Söyleşimiz devam ettikçe zihnimin gerisinde Berde çalıyor. P!A albümünden bir şarkı. Akbaş’ın davudî sesine en yakıştırdığım şarkısı. Berde zihnime eşlik ederken bu sefer Akbaş’ın sesi dışında başka bir yönünü keşfetmeye başlıyorum. Söyleştiğim kişileri genelde başka şeylere benzetirim. Çok söylemem ama bir imge canlanıverir usulca. Akbaş da ise bir baykuş görüyorum. Davudî sesiyle Berde’yi söyleyen, derin gözlerinin gerisinden usulca bir bilgelikle meramını ve gördüklerini aktaran…

“Kürt müziğinin piyasa sorunu var. Aynı zamanda siyasetin altında da eziliyor” diyen Akbaş devam ediyor: “Popüler kültür artık slogan müziği ile düğün müziğinin birleşimi haline geldi. Bizde bunu yaparsan senden iyi sanatçı yoktur ve sıkıntı yaşamazsın. Biraz toplumsal koşullar bunu bu hale getirdi ama bizim gibi Don Kişotluk yapan insanlar da zor da olsa kendi dinleyicisini oluşturuyor. Sen doğru bir şeyler yaptığında, kendin olduğunda yol alıyorsun. Belki çok popüler değilsin ama zamanla kemikleşmiş bir dinleyiciye sahip oluyorsun.”

Bir yandan da Kürt dilleri üzerinde çok uzun süre devam eden yasakçı zihniyeti konuşuyoruz. Birebir engellemeler kadar televizyona çıkamama ve medyada görünmez kılınmanın da Türkçe dışında müzik yapan kişileri engellediğini söyleyen Akbaş, “Harbiye Açıkhava konserleri yapıldığında Kürt sanatçıların ya da diğer halklardan sanatçıların orada olamaması engellemedir. 90’lı yıllarda doğrudan engelleme vardı. Gelip fişi çekip, sazları kafamızda kırıyorlardı. Ama şu an yok sayma kültürü yerleşti. Belirli salonlara bile zor giriyoruz” diye ekliyor.

Doğrudan soruyorum: Mehmet Akbaş ne arıyor?

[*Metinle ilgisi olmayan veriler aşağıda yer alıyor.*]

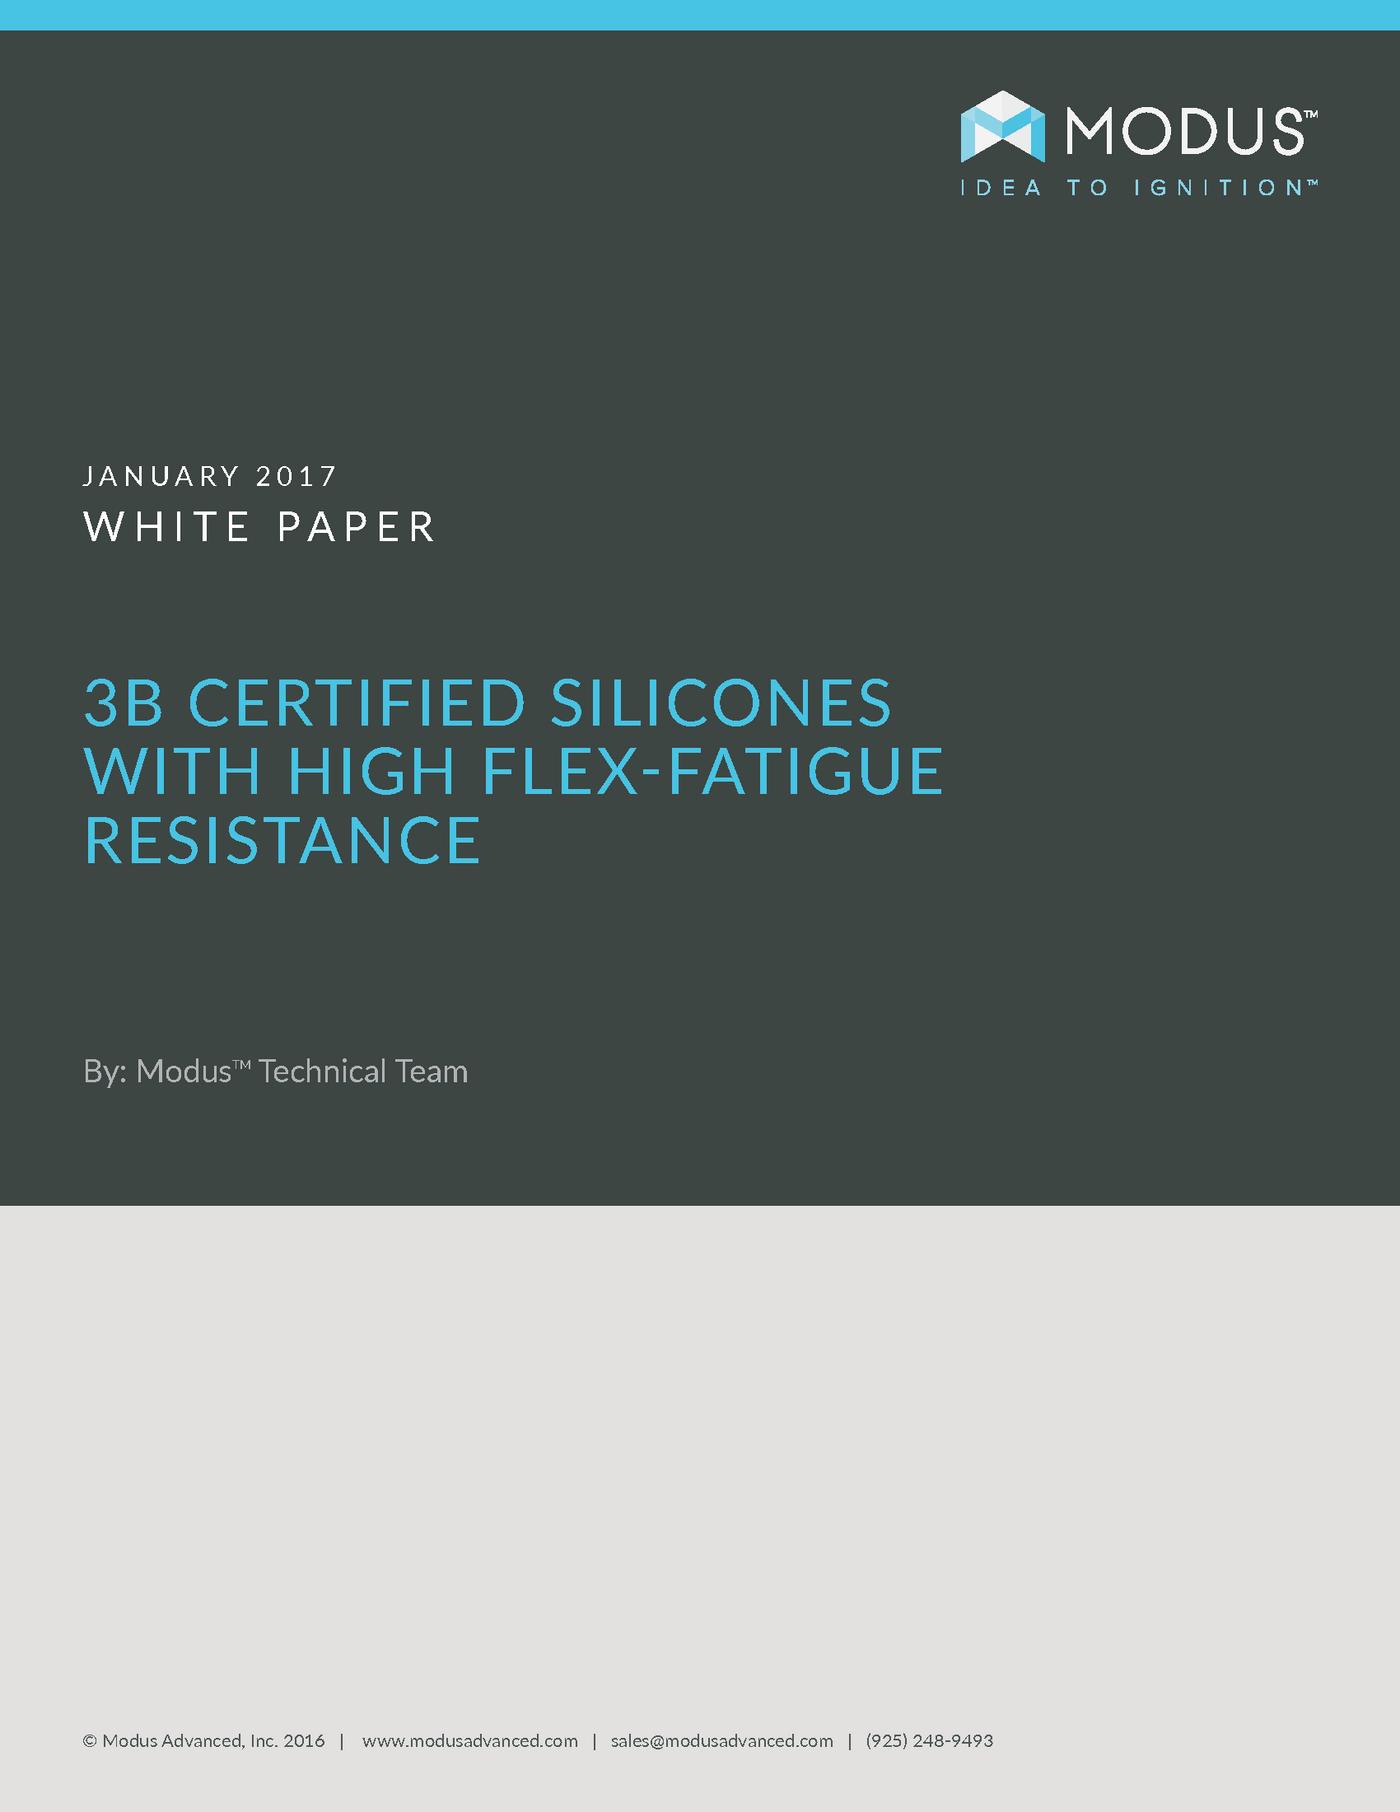 A-A-59588 Class 3B Silicones White Paper

Doğrudan cevaplıyor: Kendini arıyor.

“Bir süre sonra bir mekan sana yetmez ya… Kendim gibi insanları arıyorum. Özgür olduğum bir ortam arıyorum. Zamanla şehrin, müzikal çizgin değişiyor çünkü sen değişiyorsun. Daha önce beraber yaşadığın toplumu kaldıramayabiliyorsun. Toplum seni kaldıramayabiliyor. Yeniyi keşif hali içerisindesin aslında. Her insanın içinde bir göç duygusu vardır. Ben askerlik yapmak istemediğim için Almanya’ya gittim. Ama politik sebepler olmasaydı da bir yerlere giderdim. Ama gittiğin her yere kendini beraberinde götürüyorsun. Dünyanın neresinde olursam olayım orası benim” diyor.

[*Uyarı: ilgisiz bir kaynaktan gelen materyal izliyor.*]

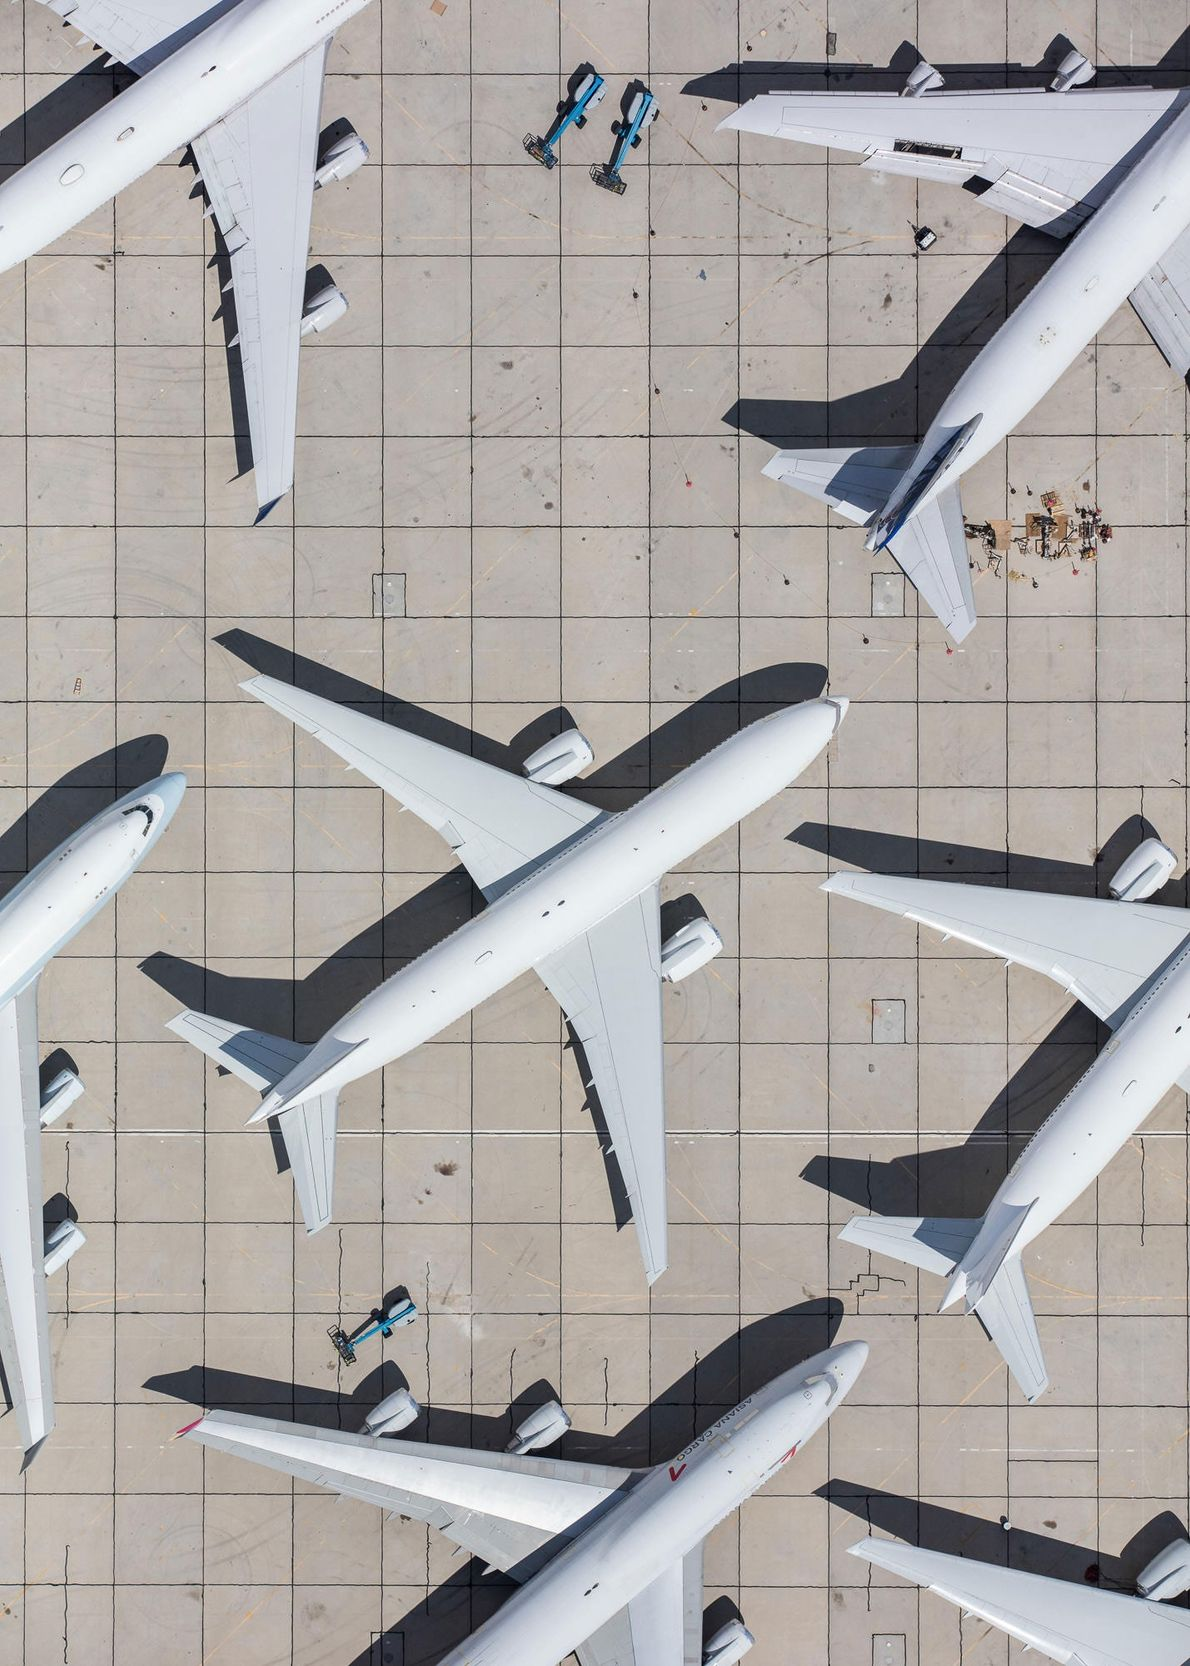 Aircraft await maintenance in Victorville, California.

Homofobiye karşı şarkı söylemenin nasıl bir his olduğunu soruyorum. “Ben her gün şarkılarımı ayrımcılığa, homofobiye karşı söylüyorum zaten” diyor ve ekliyor: “Çünkü ben gerek söylediğim dil ve tercih ettiğim müzikal sound itibariyle gerekse de yaşam biçimim dolayısıyla bir ötekiyim. Bunun için bu benim görevim. Arkadaşlar aradılar ve dayanışma dediler ancak ben bunu bir görev biliyorum. Kendi rengimiz ve duruşumuzla var oldukça, kimliğimizi bağıra çağıra haykırdıkça dünya daha yaşanılır bir hale gelecek.”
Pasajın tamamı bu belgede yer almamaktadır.